*Assignment*. Pictures in the material below are to be left out, and only the lines from the line with "f:id:kinoko1629:20211014000819p:plain" up to and including the line with "Crochet braids hair" are to be written out exactly.

*Records provided*.
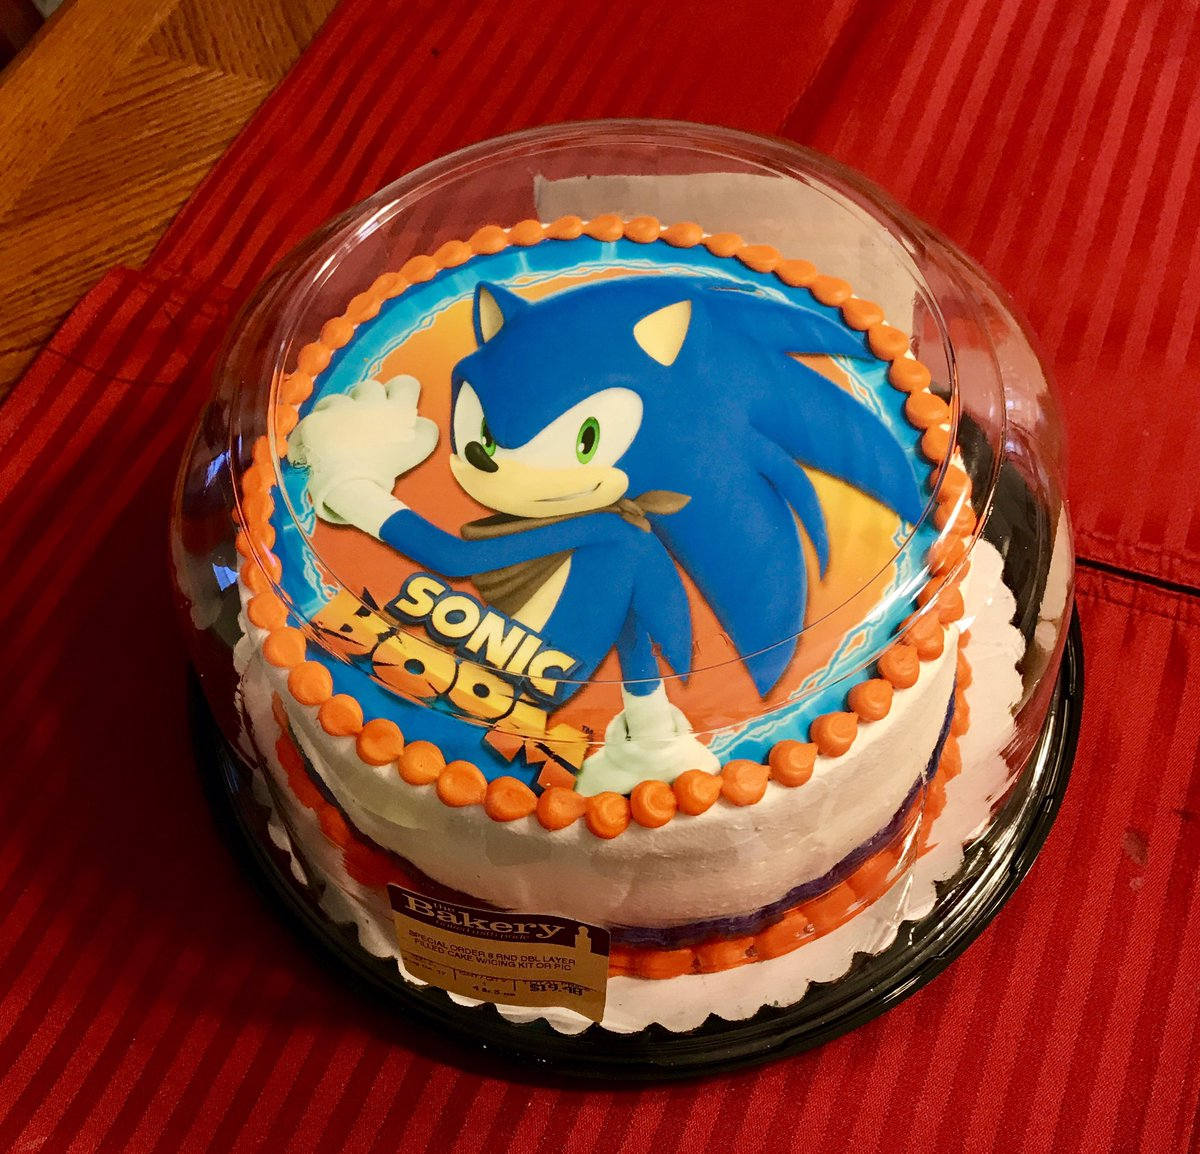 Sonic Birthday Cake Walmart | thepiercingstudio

...

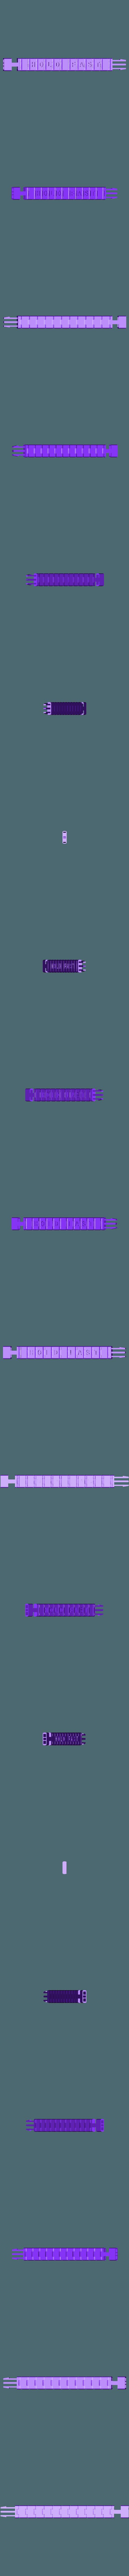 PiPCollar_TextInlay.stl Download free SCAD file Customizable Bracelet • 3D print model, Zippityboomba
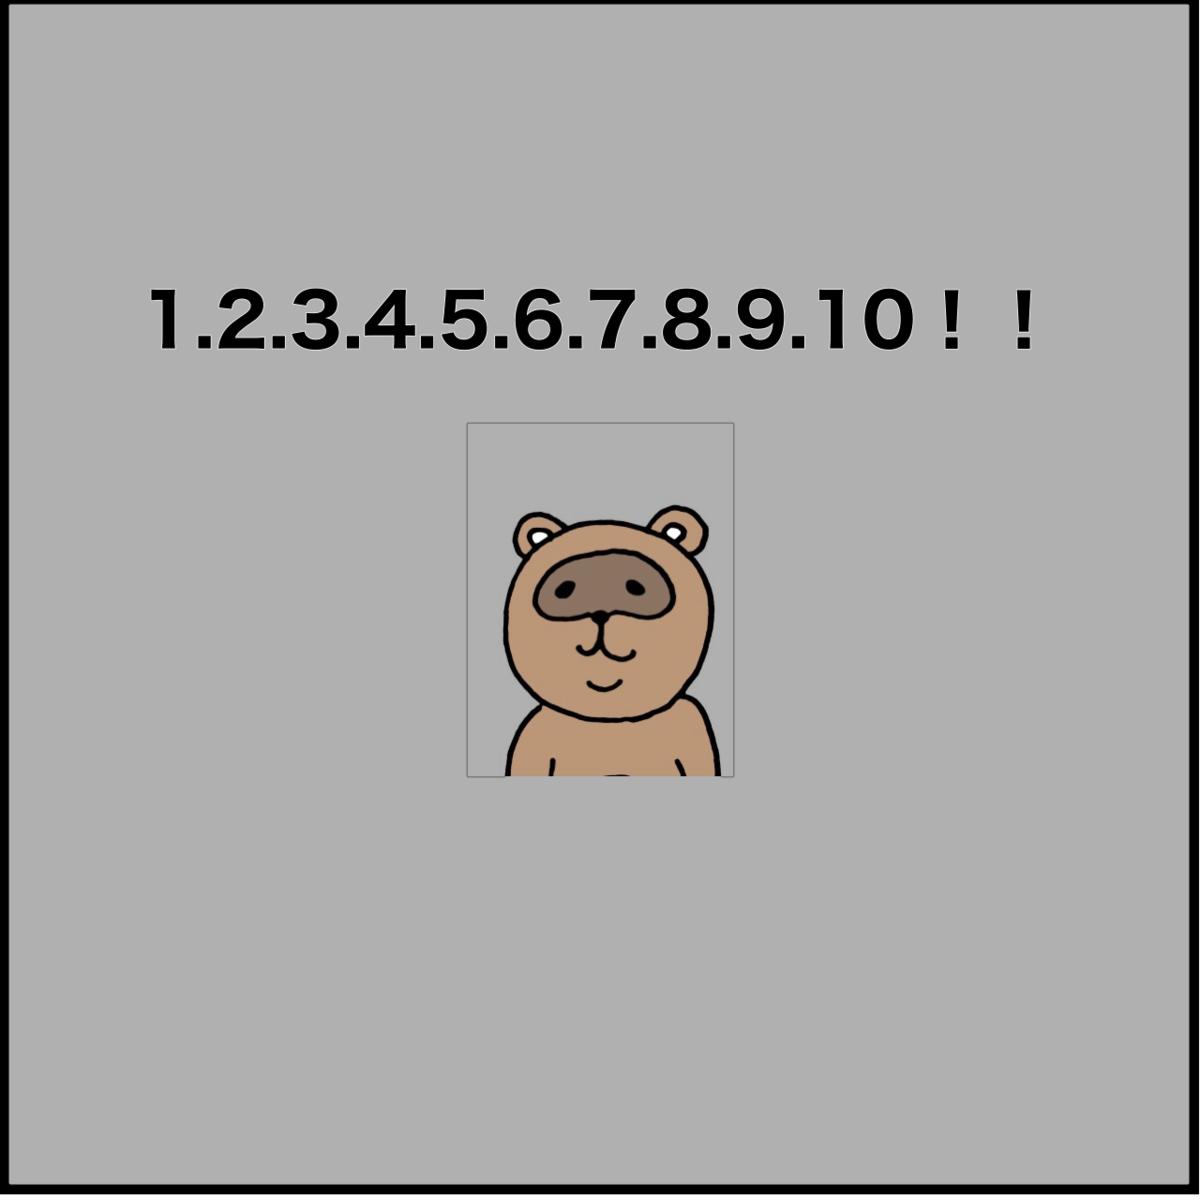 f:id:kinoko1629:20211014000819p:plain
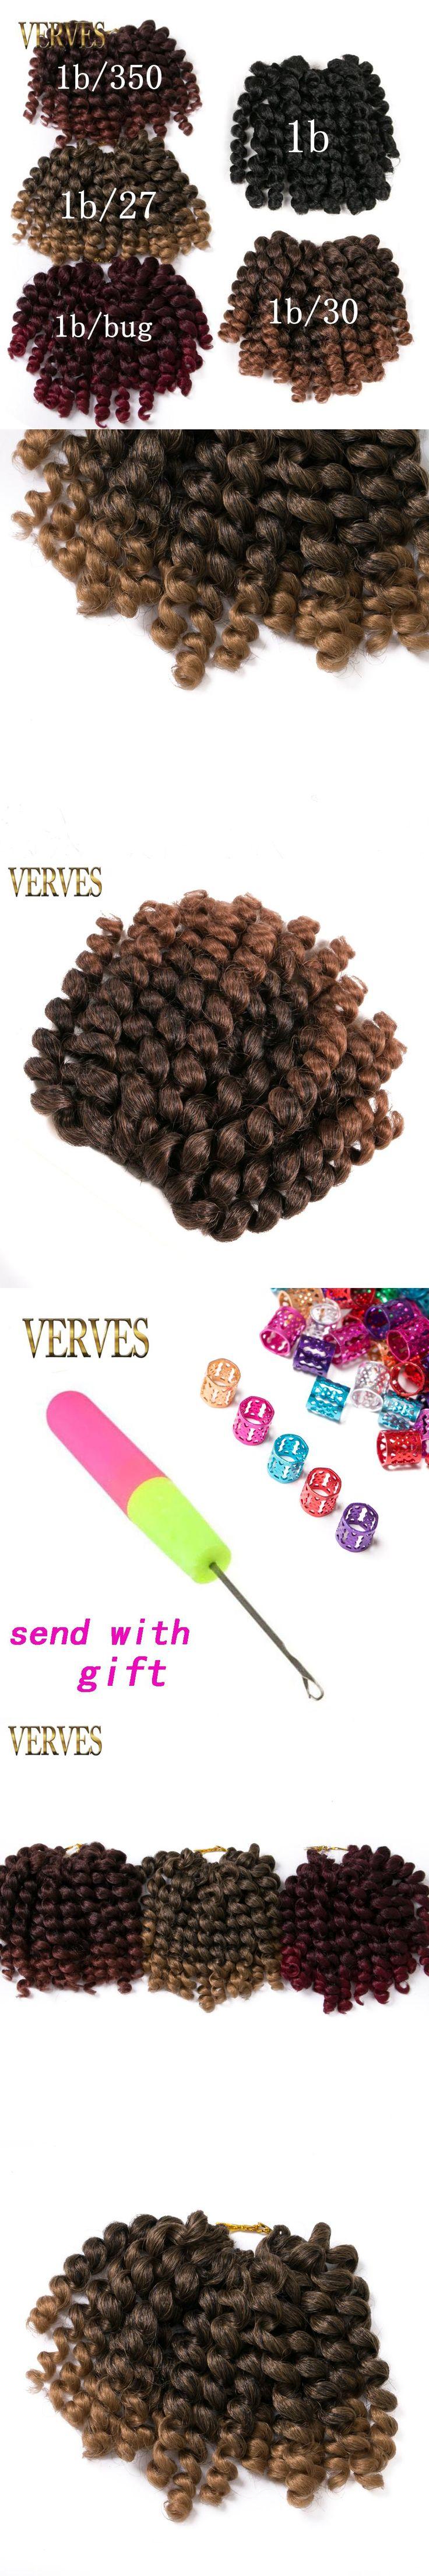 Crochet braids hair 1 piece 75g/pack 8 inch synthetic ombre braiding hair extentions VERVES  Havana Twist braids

*Solution for this task*.
 f:id:kinoko1629:20211014000819p:plain
 Crochet braids hair 1 piece 75g/pack 8 inch synthetic ombre braiding hair extentions VERVES  Havana Twist braids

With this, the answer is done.